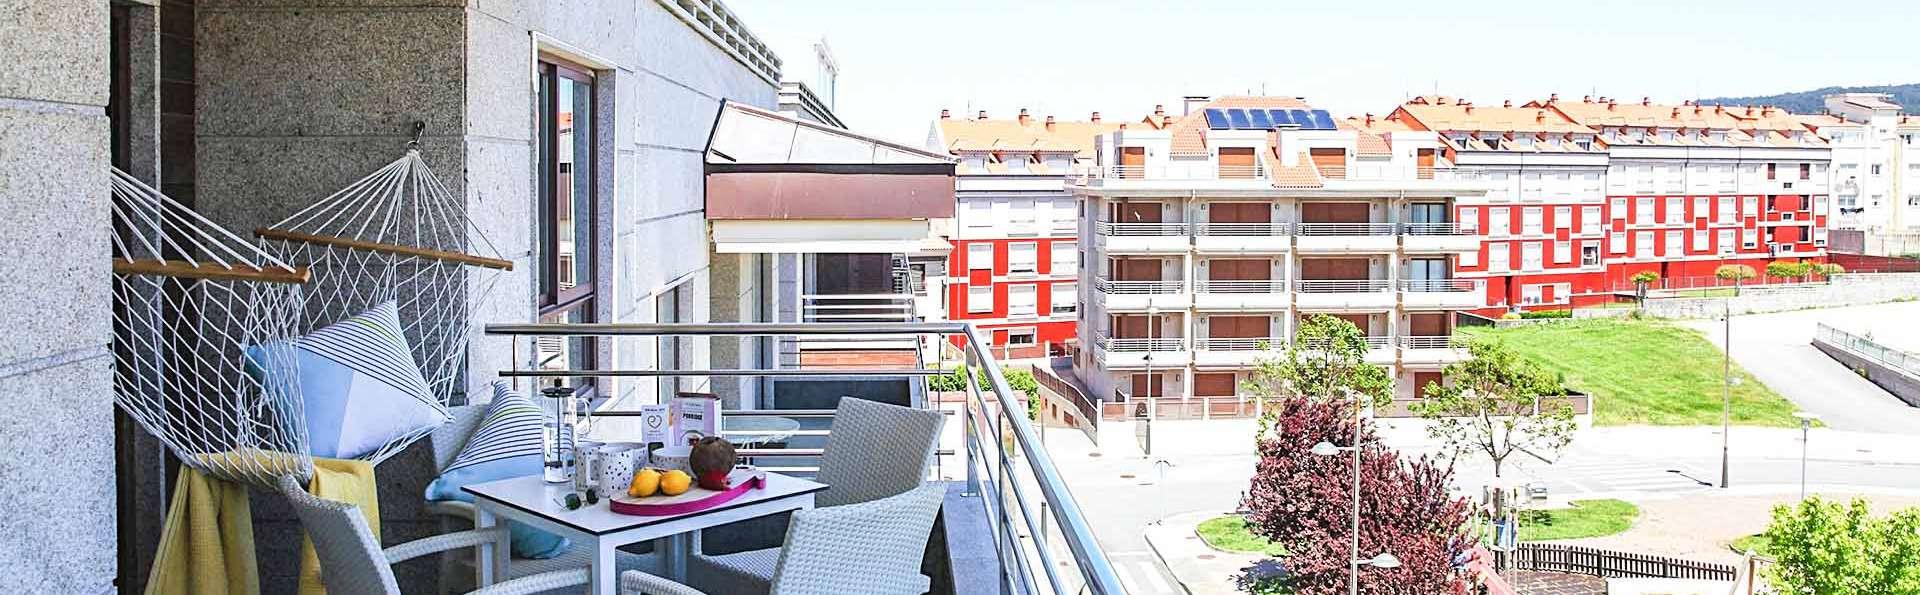 Apartamentos Class & Confort - EDIT_TERRACE_03.jpg
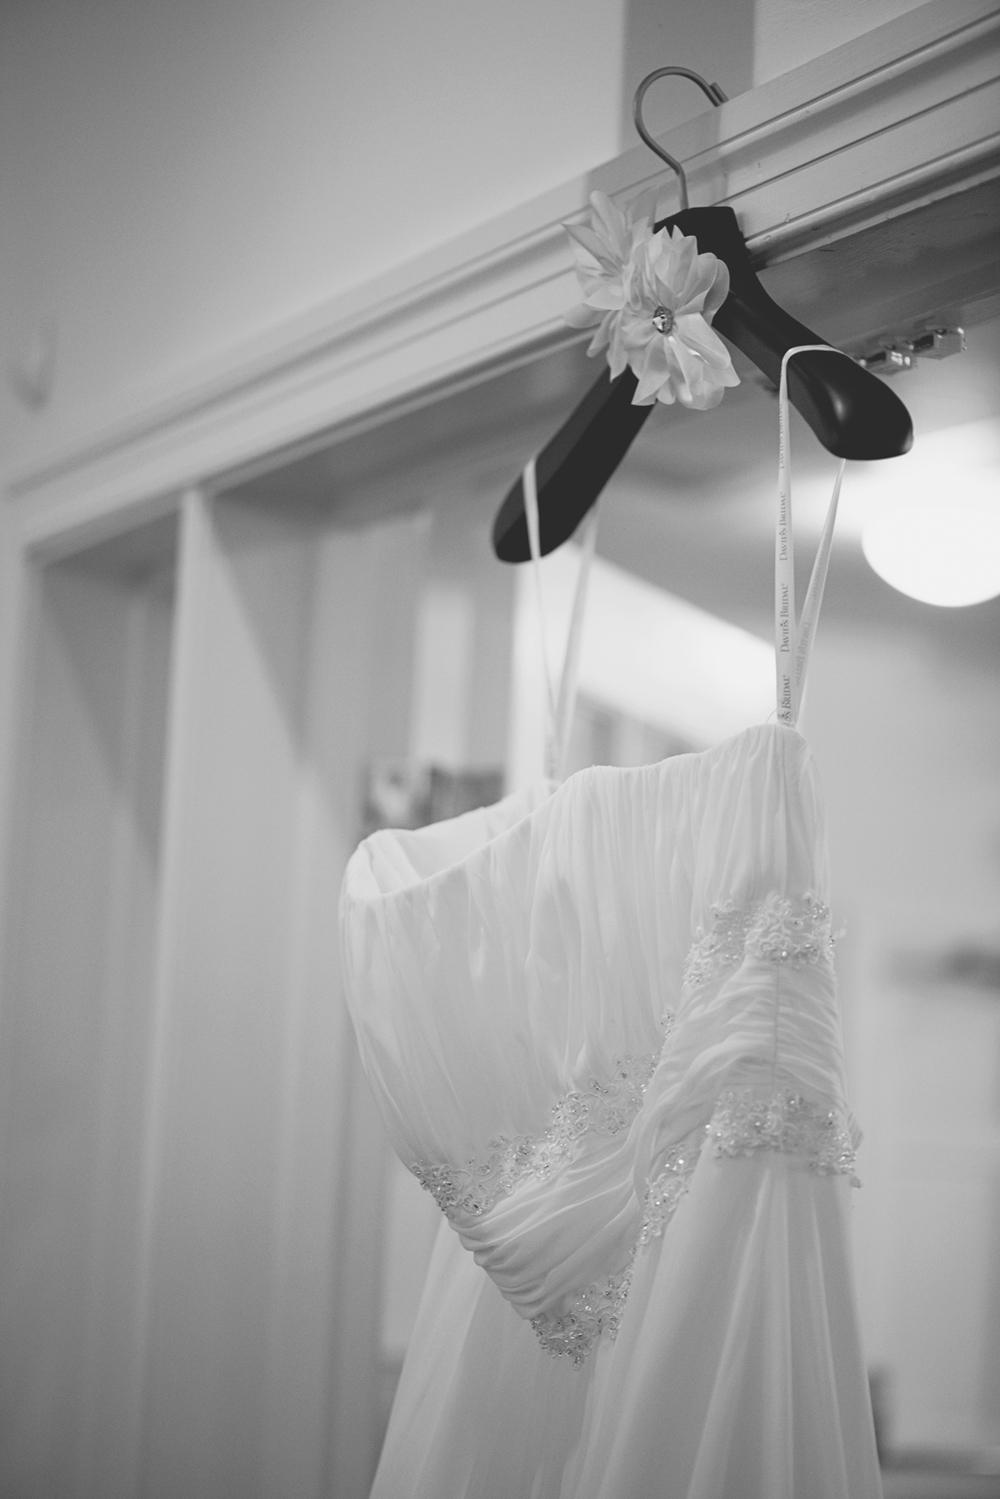 Wedding dress details with handmade hanger(David's Bridal) (black and white)
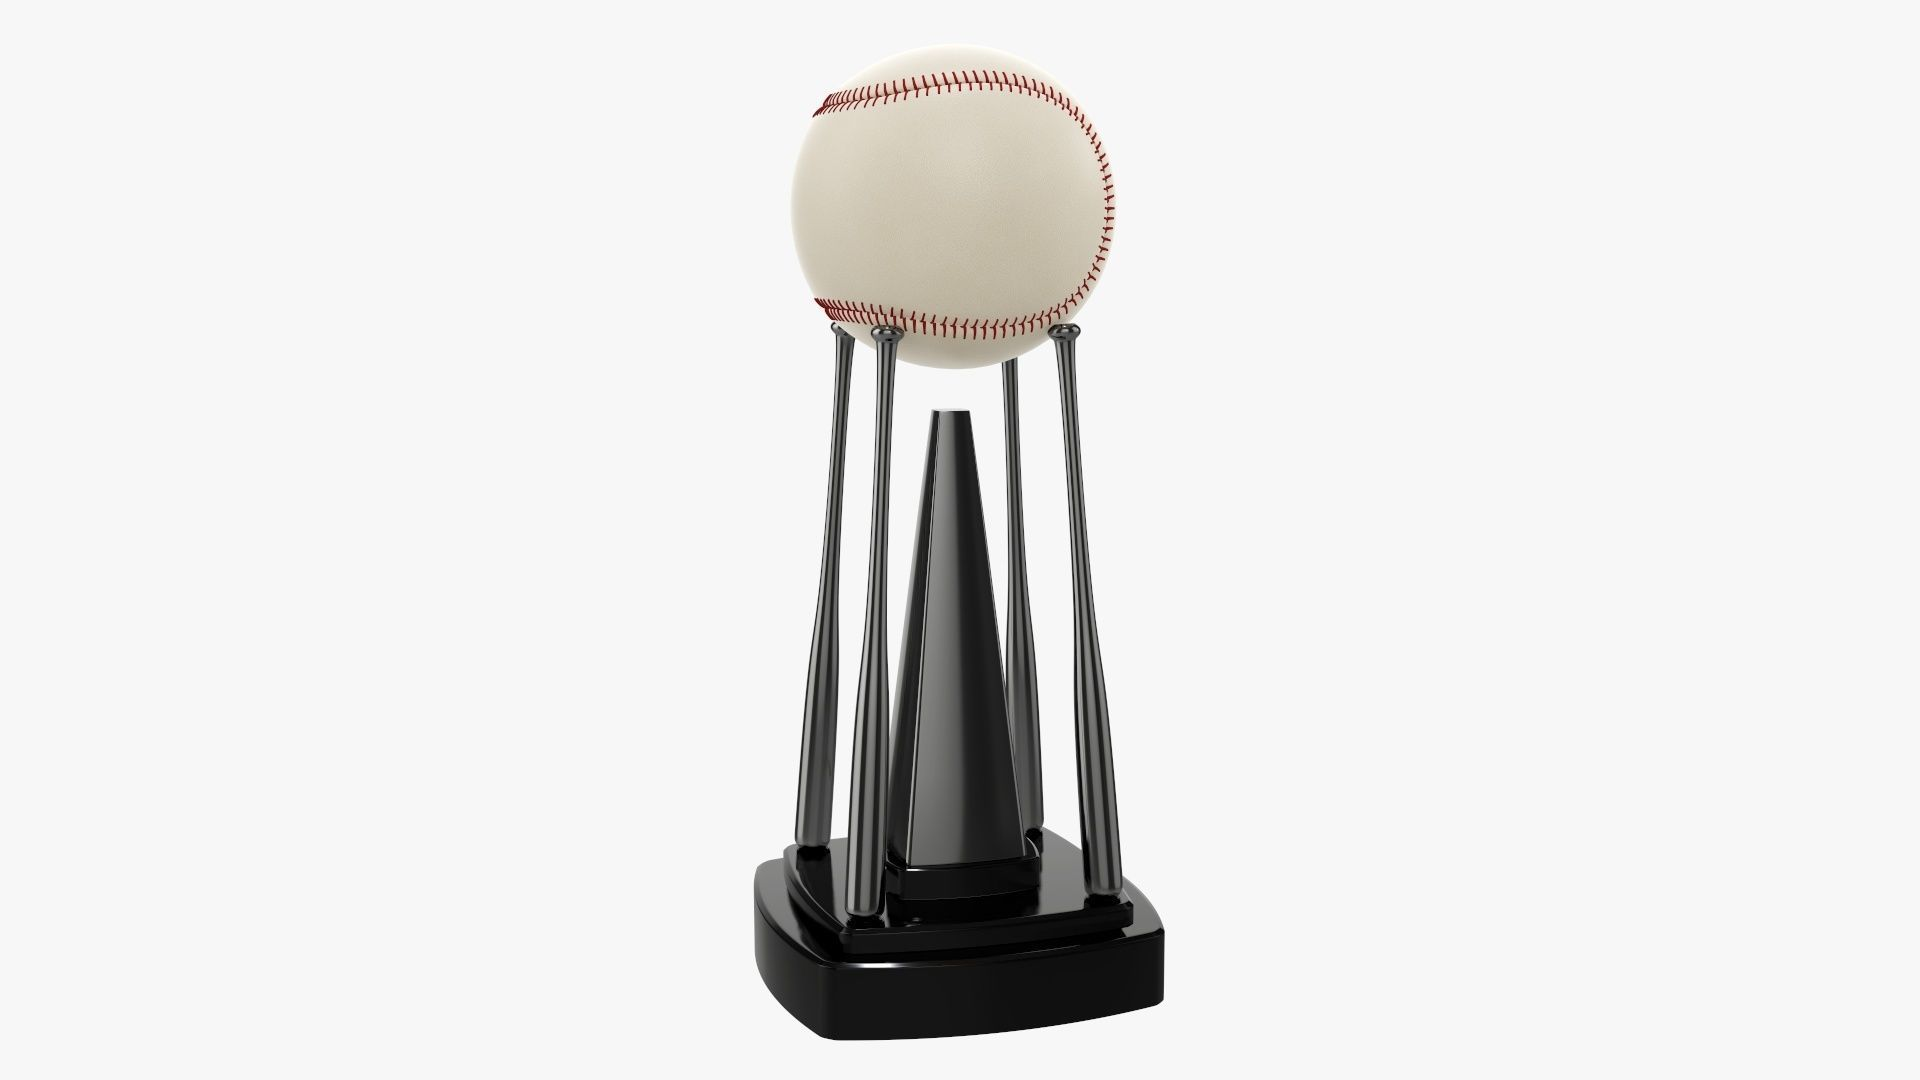 Trophy baseball ball and bats 02
☆ ☆ ☆ ☆
__Exercise directions__. Omit the pictures and return exactly the lines from the line containing "Wedding dress details" through the final line of the material above, both ends included.

__Reply__.
 Wedding dress details with handmade hanger(David's Bridal) (black and white)
 Trophy baseball ball and bats 02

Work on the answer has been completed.